In the course of the November pogroms of 1938, Karl Rosenthal was arrested and imprisoned in Sachsenhausen Concentration Camp. After about three months he was released on the condition that he left Germany immediately - he sought refuge in Oxford. Klaus Rosenthal had already emigrated to the United States, Gertrude Rosenthal escaped with Siegfried Georg to the Netherlands in 1939. In 1941 Siegfried Georg Rosenthal was arrested in Amsterdam, deported to Mauthausen Concentration Camp and murdered there. Gertrude Rosenthal was also arrested in 1942 and deported to Bergen-Belsen Concentration Camp via Westerbork in 1944. She survived the Holocaust with the help of a South American passport which Karl and other friends abroad had organized and which enabled her to enter a UNRAA (United Nations Relief and Rehabilitation Administration) camp in Switzerland in January of 1945.
The surviving Rosenthal family was living in the United States after the end of World War II. Karl Rosenthal was Rabbi in Fredericksburg, Virginia, Springfield, Illinois and in Wilmington, North Carolina, where he died in 1952. Klaus Rosenthal had already died in 1948 at the age of only 33 years. Gertrude Rosenthal also lived in Wilmington until her death in 1976.
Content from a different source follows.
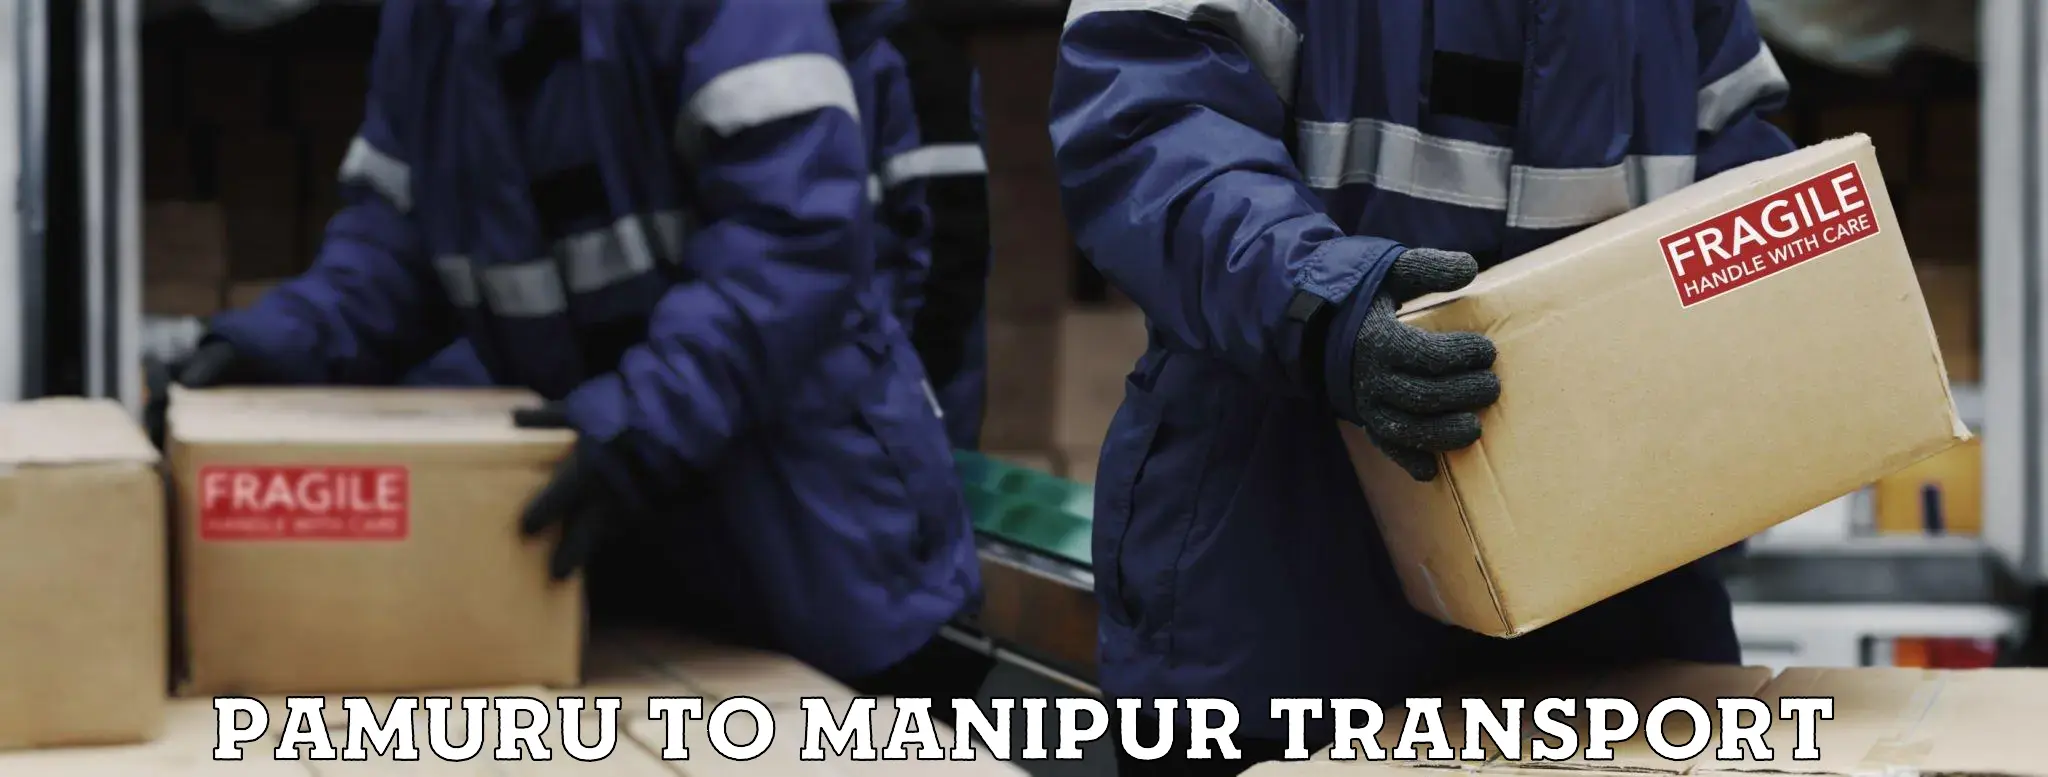 Luggage transport services Pamuru to Manipur

The numbering in the books proves that both volumes were delivered to the Berlin City Library by the Salvaging Office ("Bergungsstelle") after the end of the war in 1945/46. An exact date cannot be determined, as the books were never added to the active stock of the library. Research on the particular Bergungsstelle Nr. 131 is still pending.